ASSIGNED TASK: From the data below, set down exactly the lines between the one holding "Today we got" and the one holding "Cans of Hi-Ball", inclusive, and no others.

DATASET:
▬▬▬▬▬▬▬▬▬▬
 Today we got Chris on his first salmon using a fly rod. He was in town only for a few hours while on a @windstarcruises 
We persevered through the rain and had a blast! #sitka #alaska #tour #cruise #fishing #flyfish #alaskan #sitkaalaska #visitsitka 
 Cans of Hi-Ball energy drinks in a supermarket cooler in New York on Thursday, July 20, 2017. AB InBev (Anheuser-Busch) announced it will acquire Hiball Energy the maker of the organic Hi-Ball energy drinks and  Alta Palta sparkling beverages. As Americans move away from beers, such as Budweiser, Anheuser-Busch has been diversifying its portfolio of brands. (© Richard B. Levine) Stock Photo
▬▬▬▬▬▬▬▬▬▬
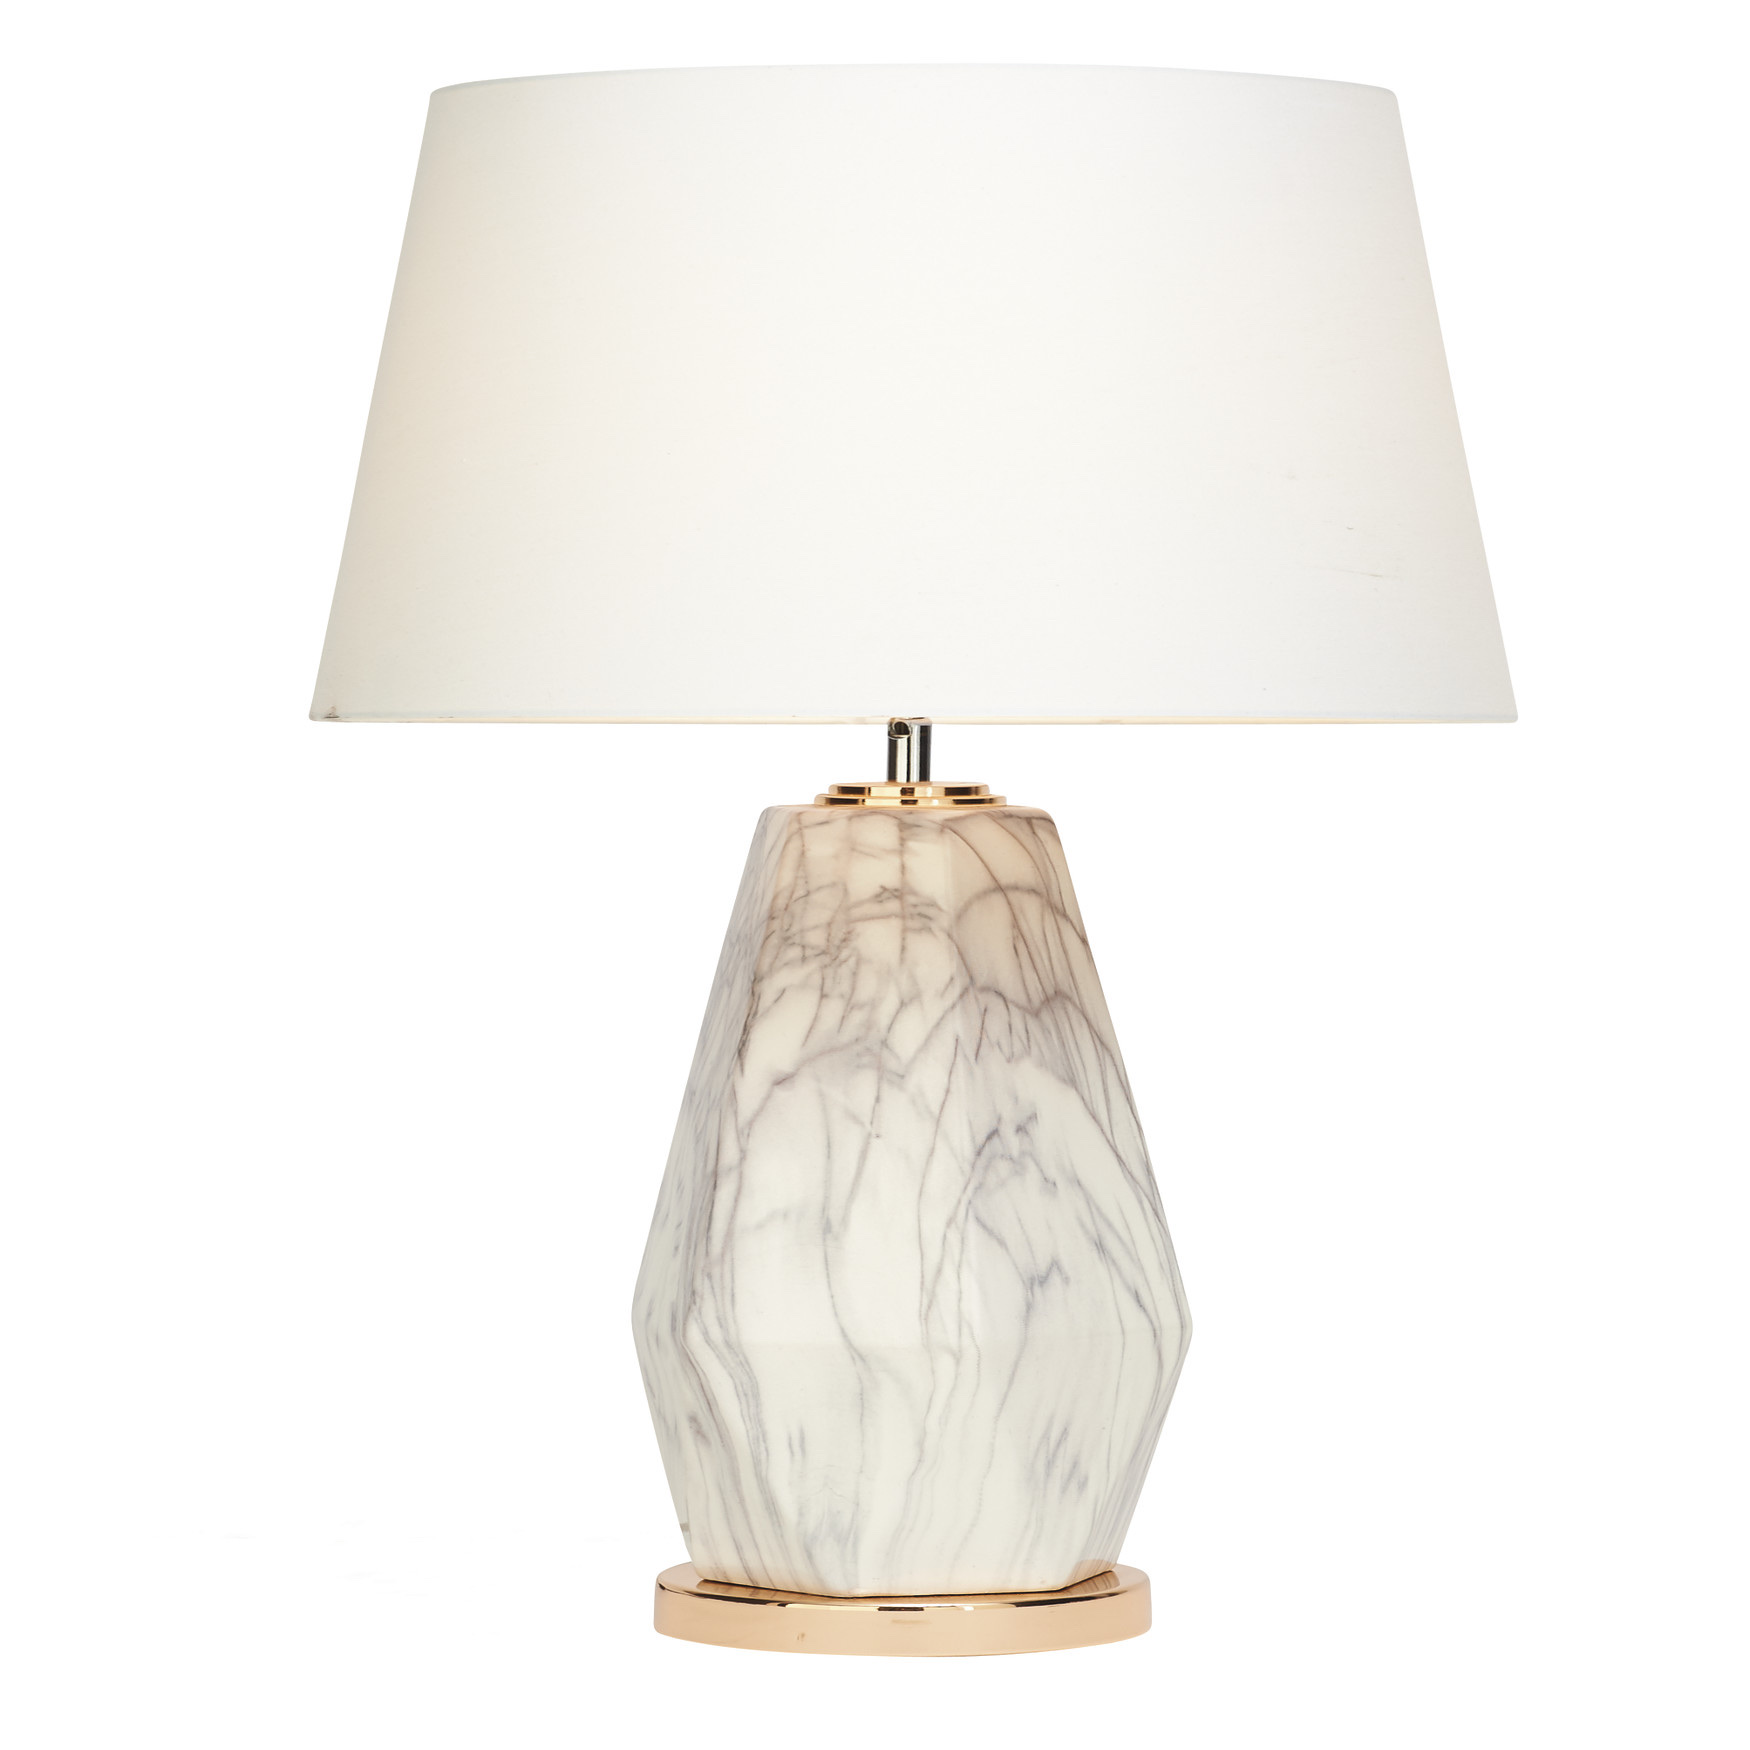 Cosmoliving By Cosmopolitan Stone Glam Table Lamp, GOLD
▬▬▬▬▬▬▬▬▬▬
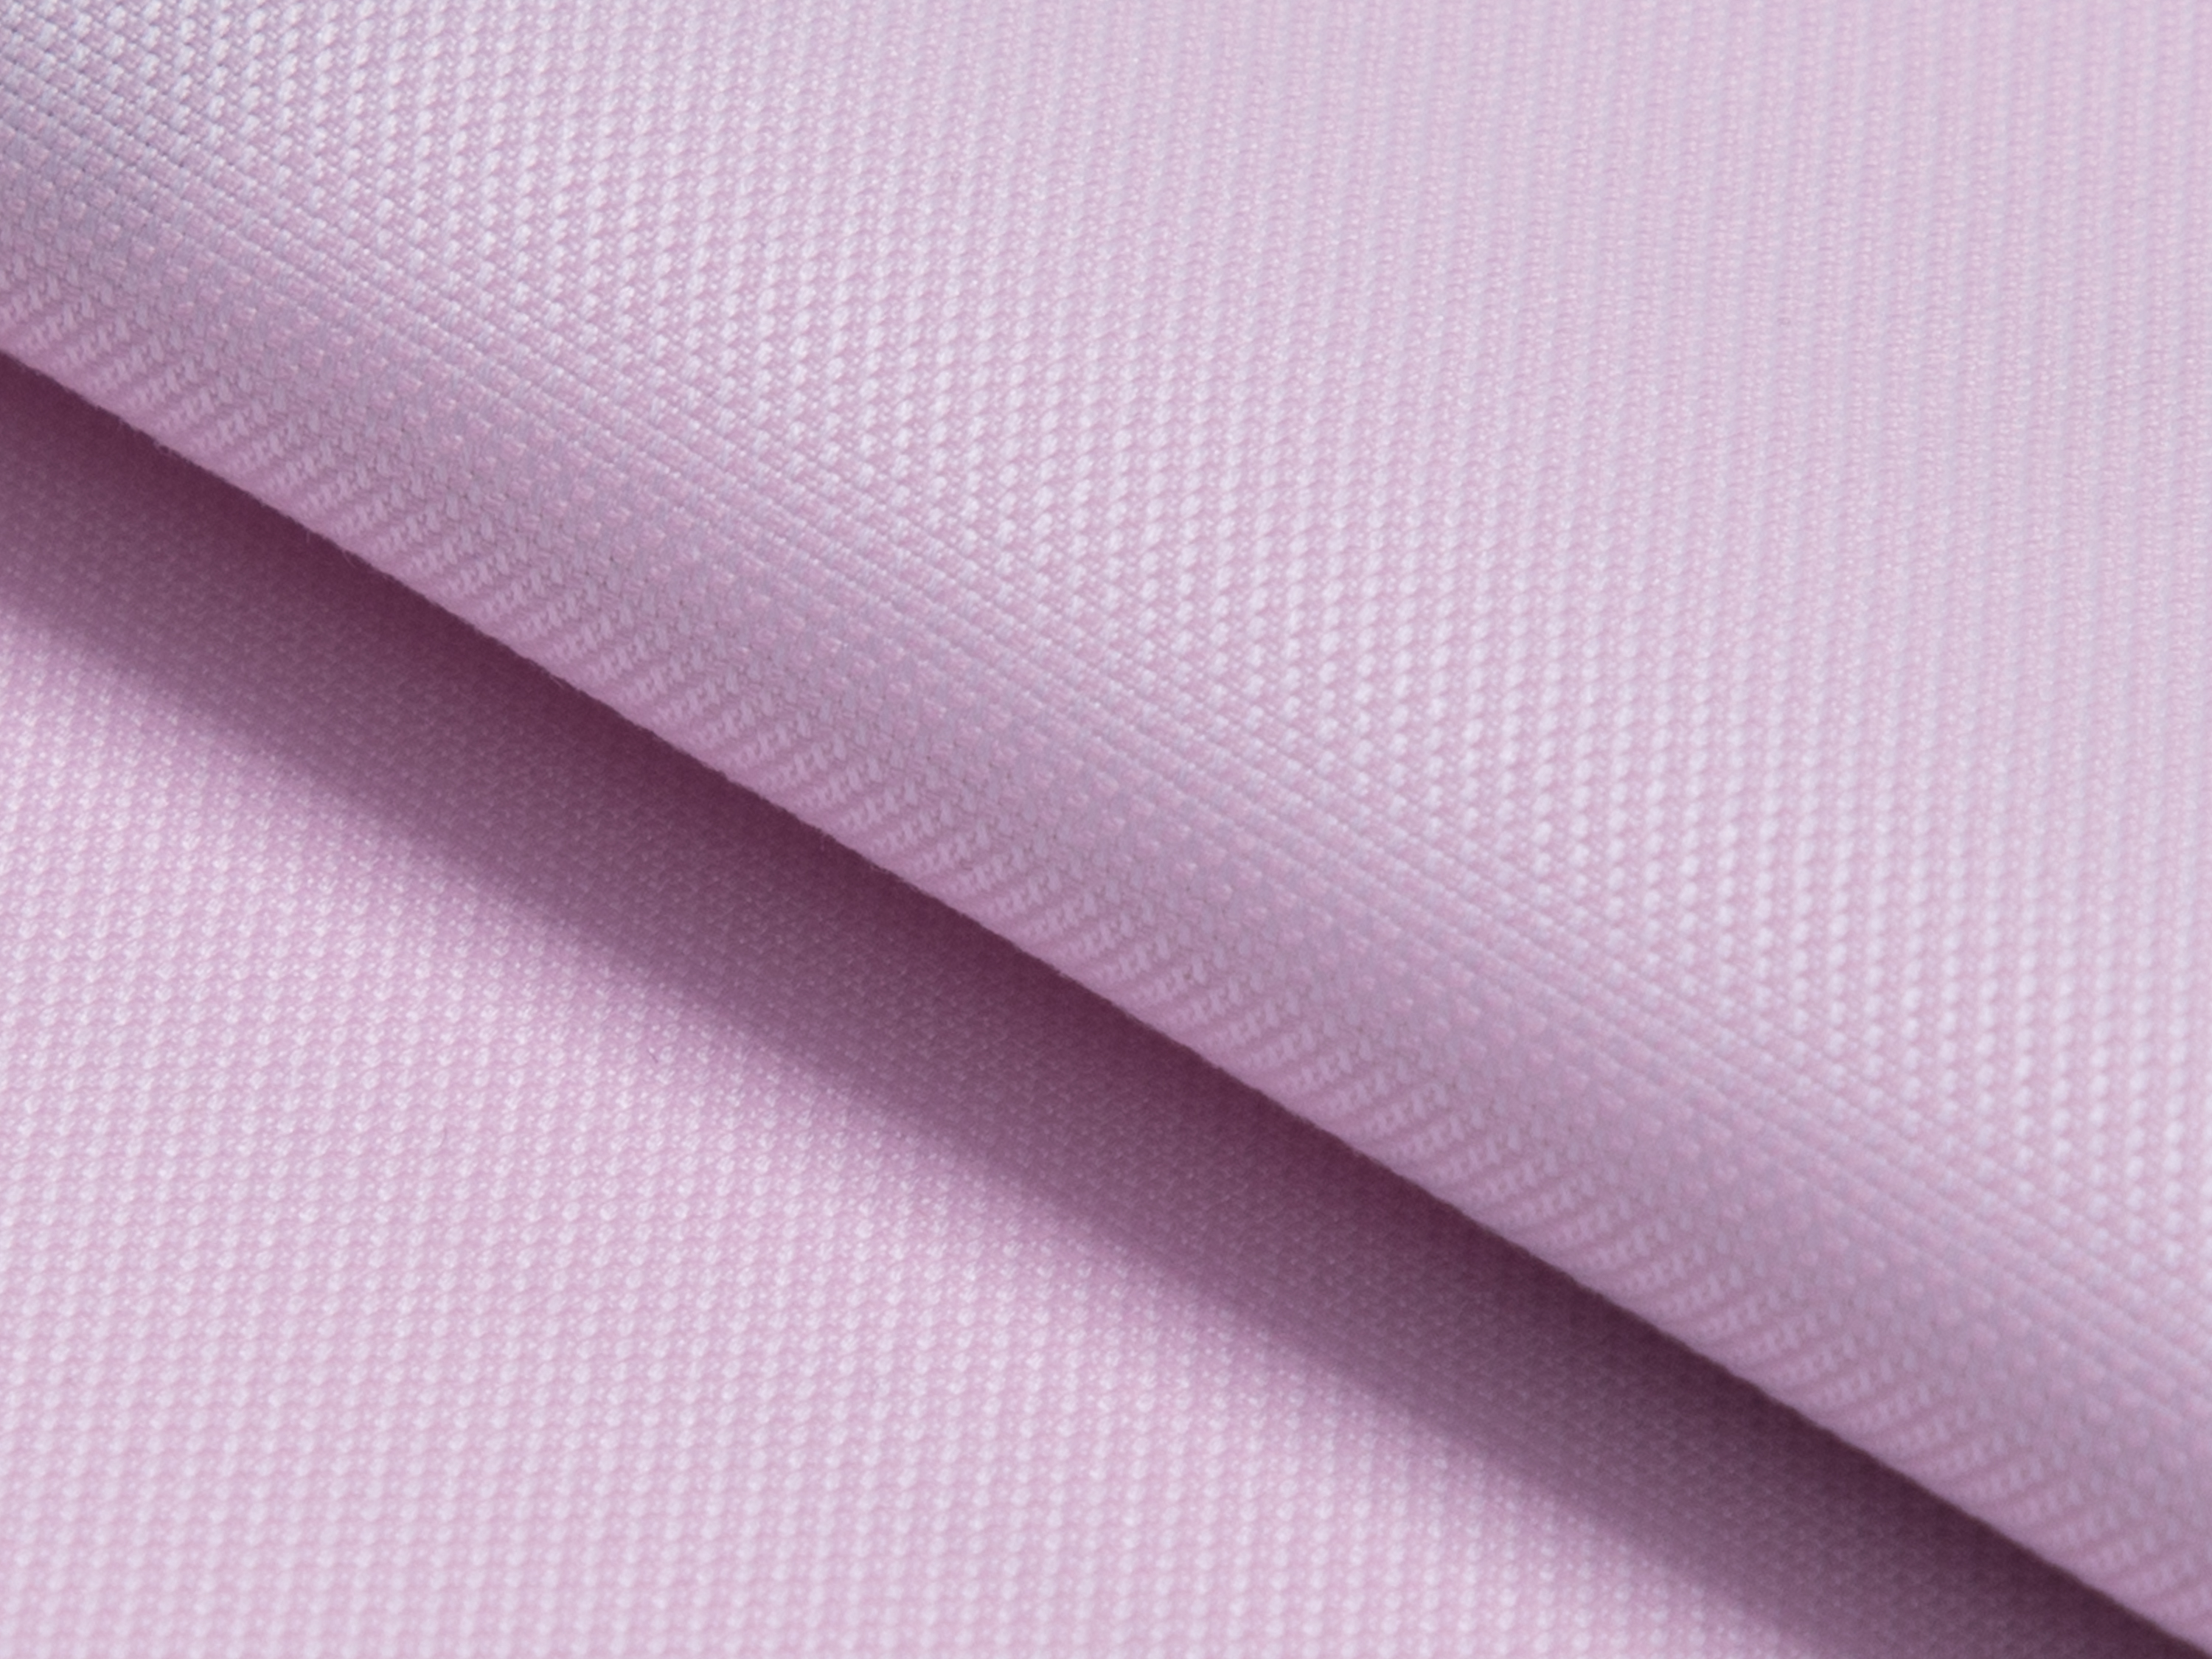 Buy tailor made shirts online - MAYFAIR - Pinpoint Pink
▬▬▬▬▬▬▬▬▬▬
YOUR SOLUTION:
 Today we got Chris on his first salmon using a fly rod. He was in town only for a few hours while on a @windstarcruises 
We persevered through the rain and had a blast! #sitka #alaska #tour #cruise #fishing #flyfish #alaskan #sitkaalaska #visitsitka 
 Cans of Hi-Ball energy drinks in a supermarket cooler in New York on Thursday, July 20, 2017. AB InBev (Anheuser-Busch) announced it will acquire Hiball Energy the maker of the organic Hi-Ball energy drinks and  Alta Palta sparkling beverages. As Americans move away from beers, such as Budweiser, Anheuser-Busch has been diversifying its portfolio of brands. (© Richard B. Levine) Stock Photo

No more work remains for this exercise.